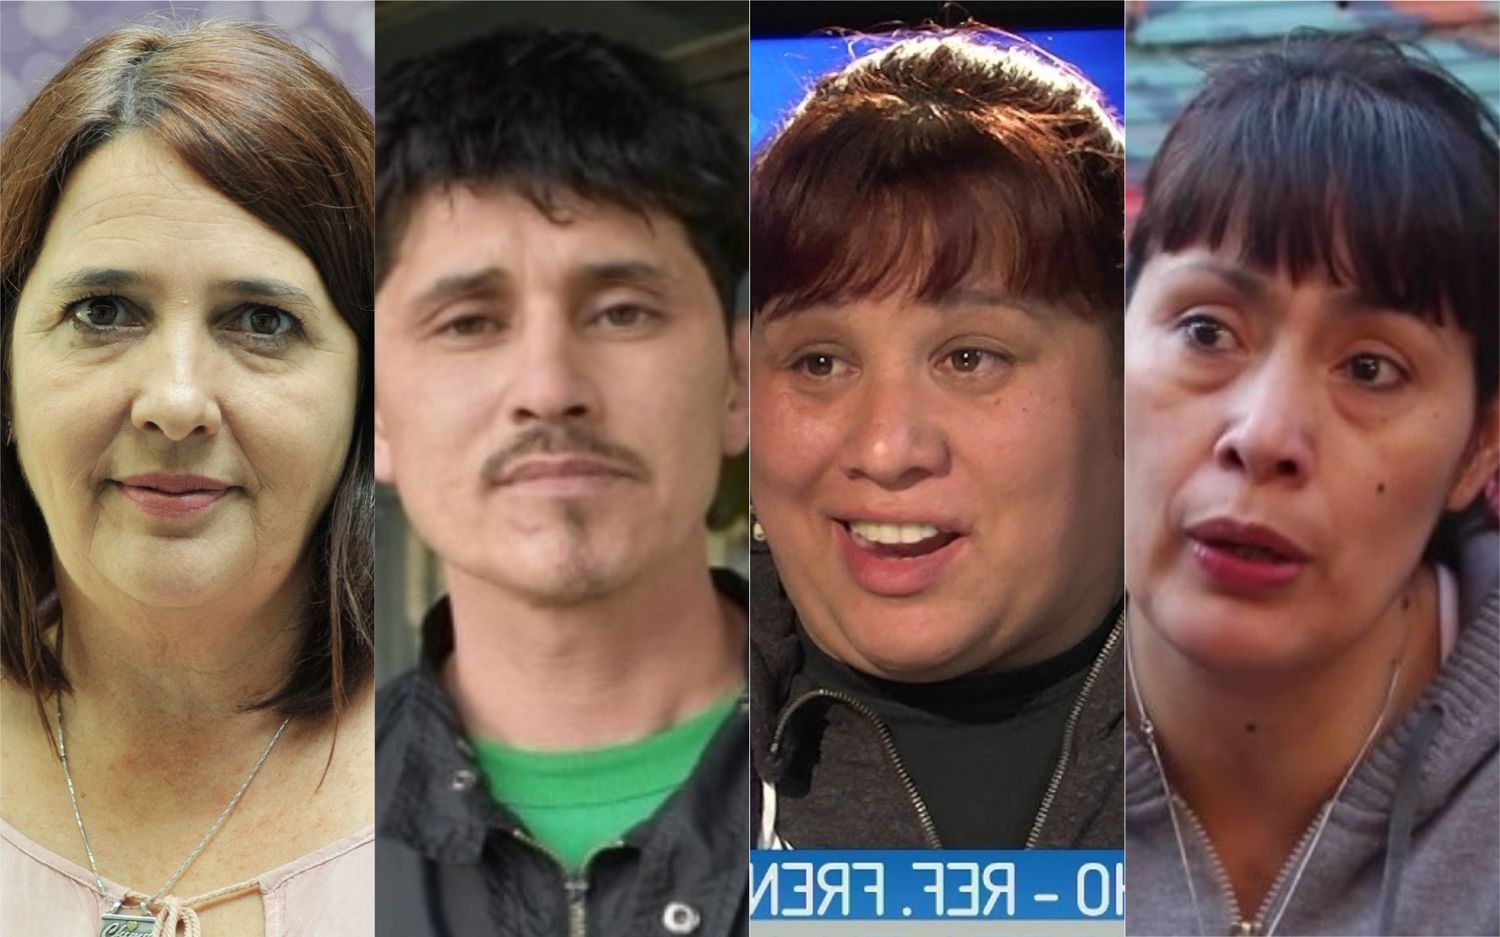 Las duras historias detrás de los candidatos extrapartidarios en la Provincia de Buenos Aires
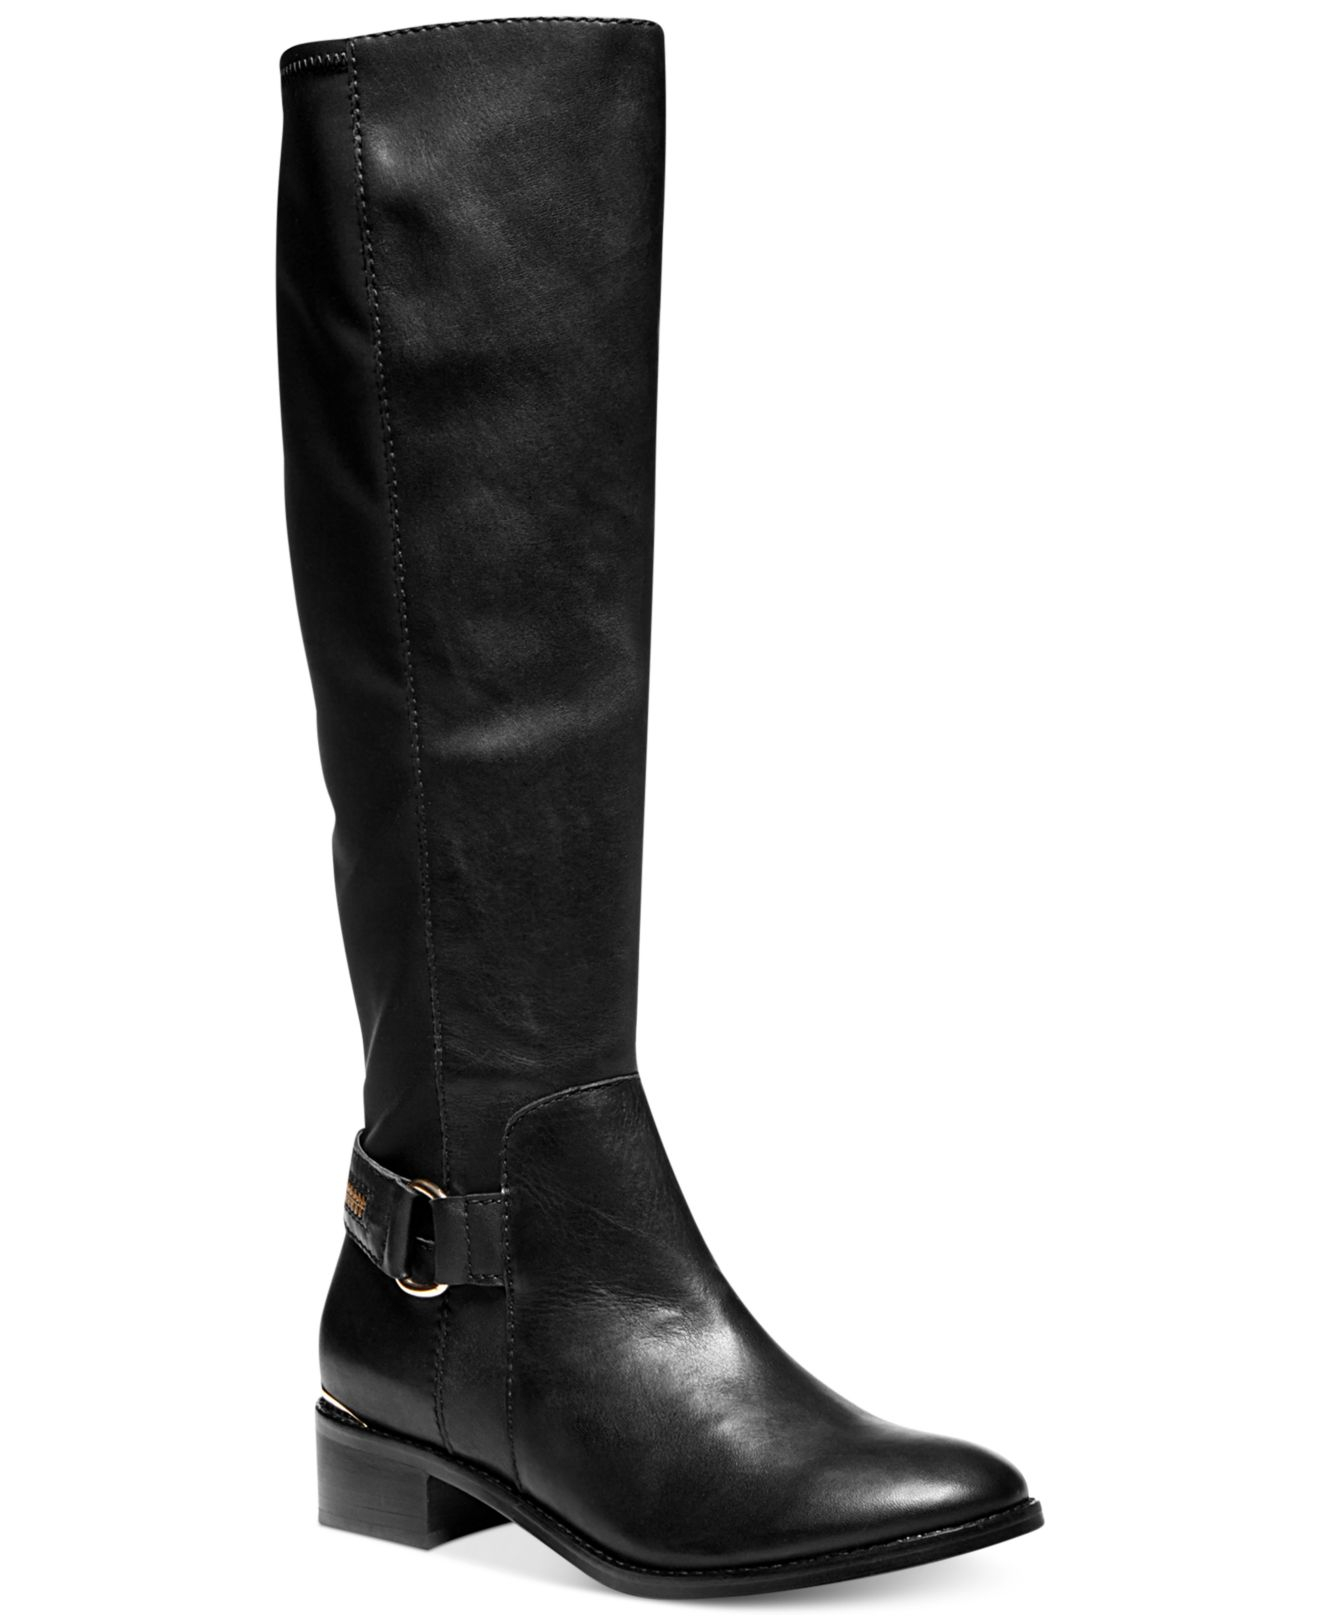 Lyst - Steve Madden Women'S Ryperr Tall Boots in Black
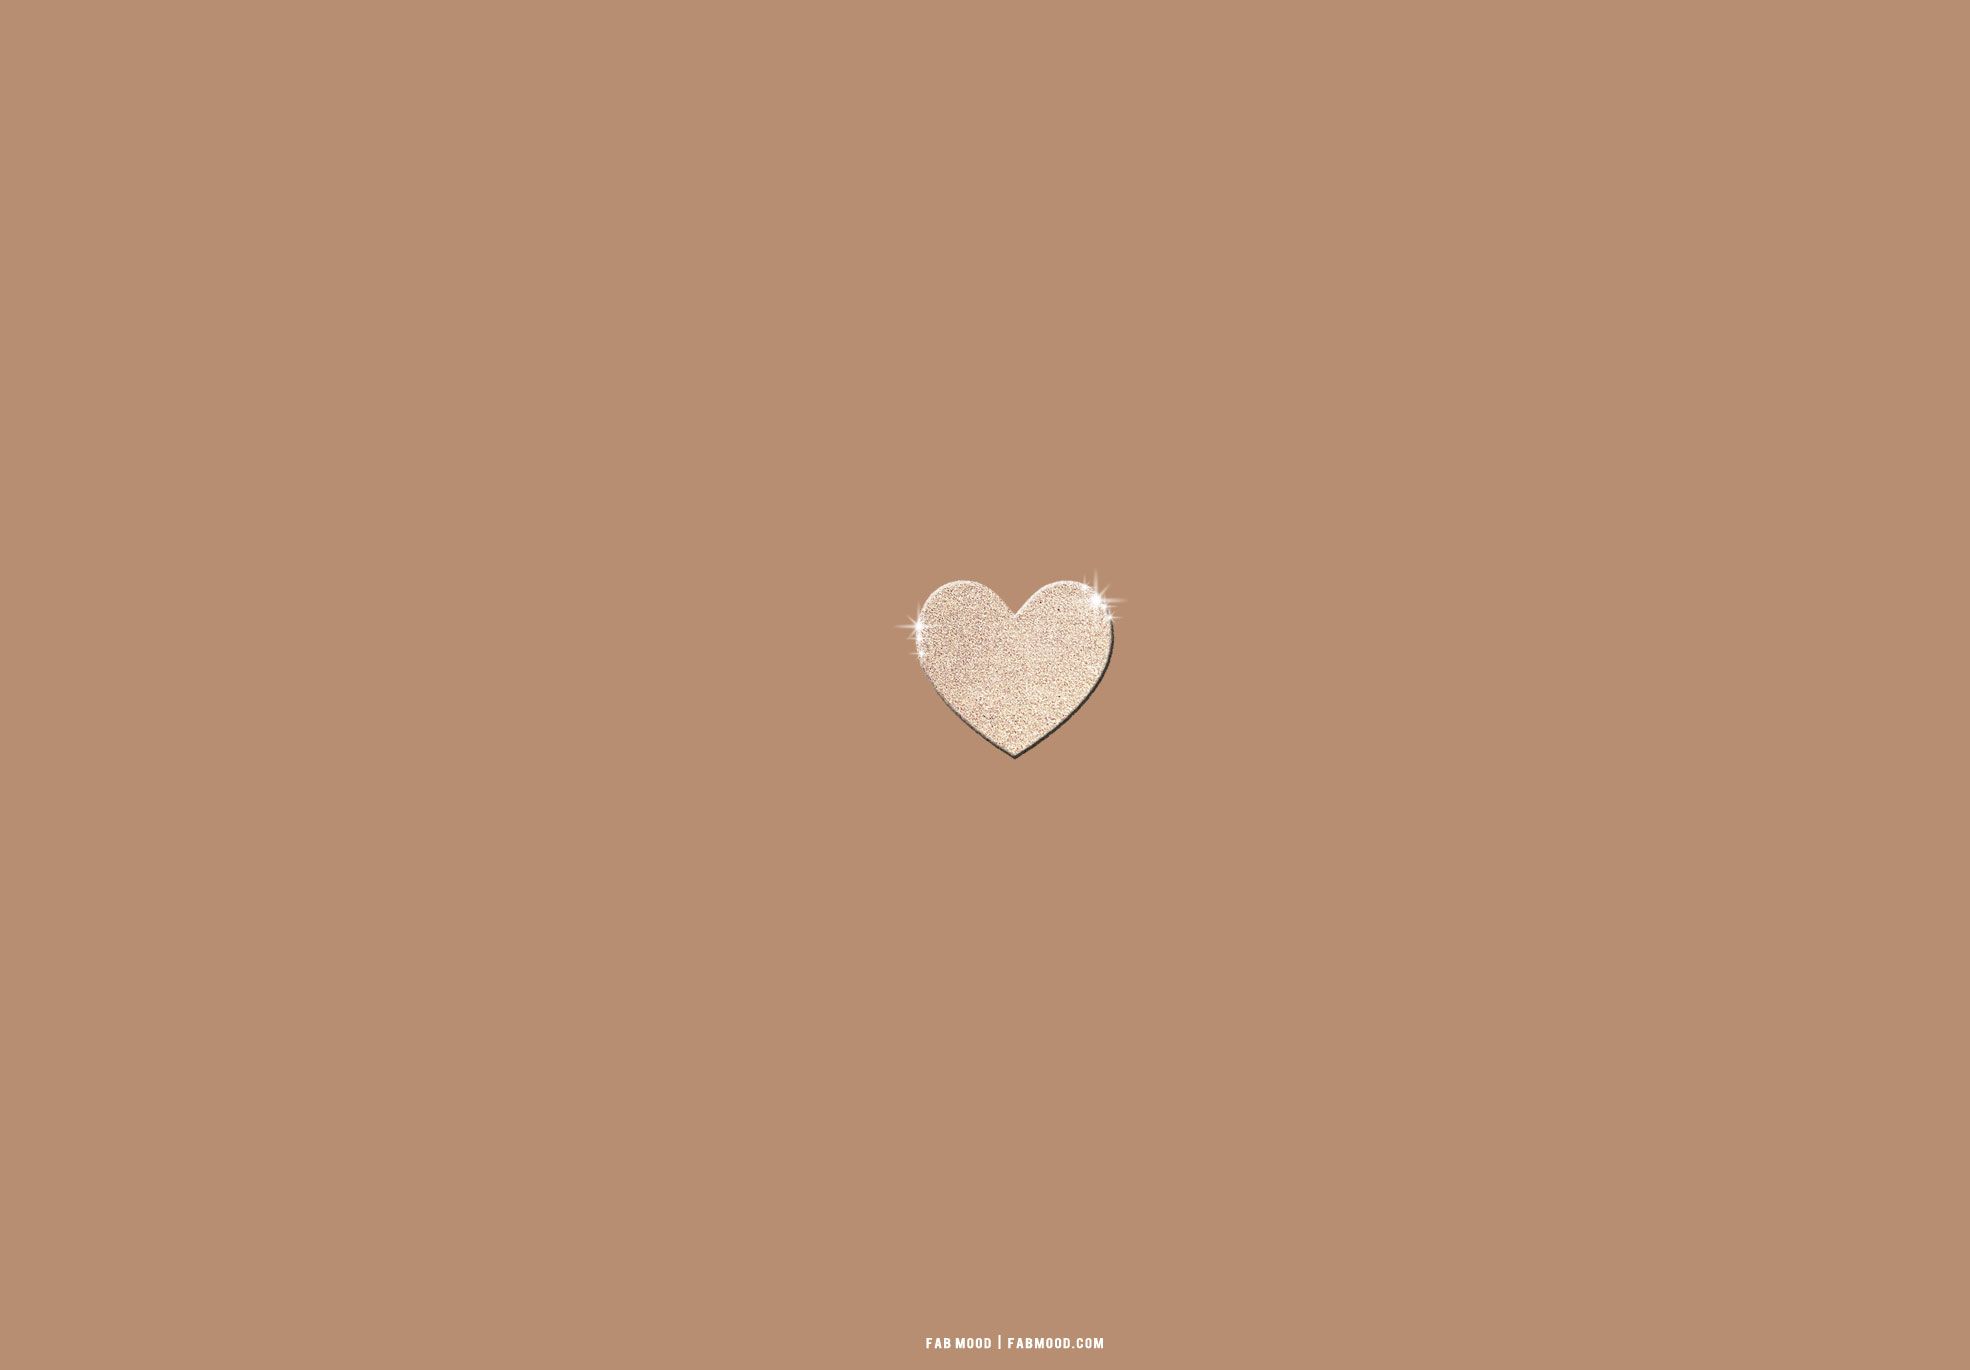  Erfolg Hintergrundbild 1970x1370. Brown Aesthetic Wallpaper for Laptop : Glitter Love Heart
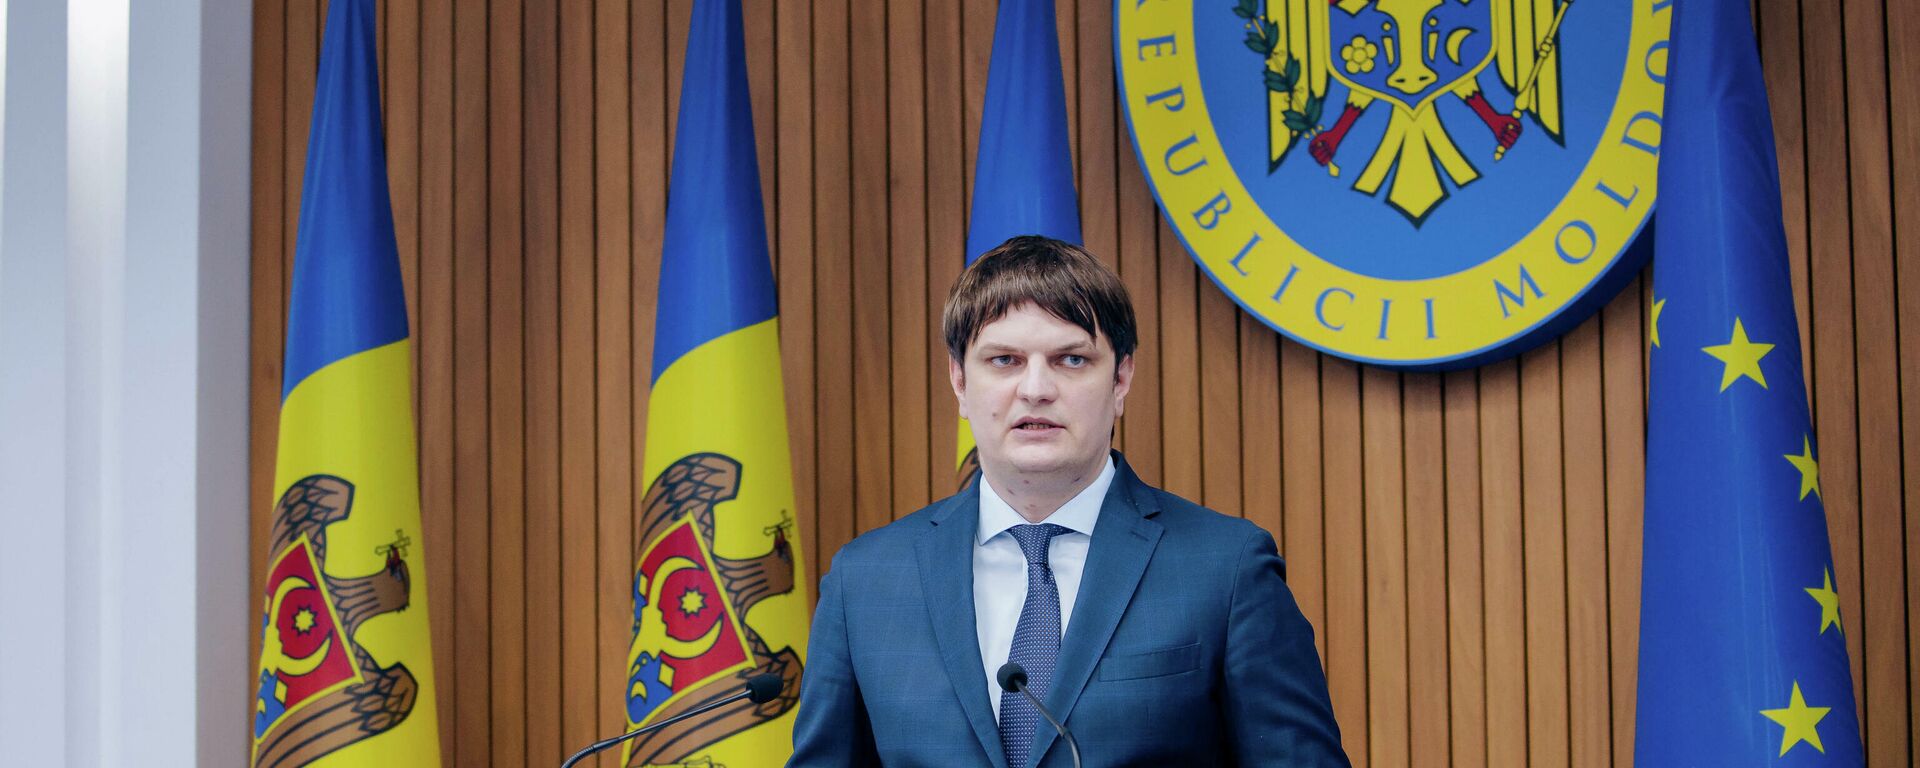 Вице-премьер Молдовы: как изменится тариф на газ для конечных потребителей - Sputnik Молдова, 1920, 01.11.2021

——

ACTIVITY: Take the line containing "Lyst - Steve" and every line after it through the end of the data, and write them out exactly, with no pictures.

OUTPUT BELOW:
 Lyst - Steve Madden Women'S Ryperr Tall Boots in Black
  Erfolg Hintergrundbild 1970x1370. Brown Aesthetic Wallpaper for Laptop : Glitter Love Heart
 Вице-премьер Молдовы: как изменится тариф на газ для конечных потребителей - Sputnik Молдова, 1920, 01.11.2021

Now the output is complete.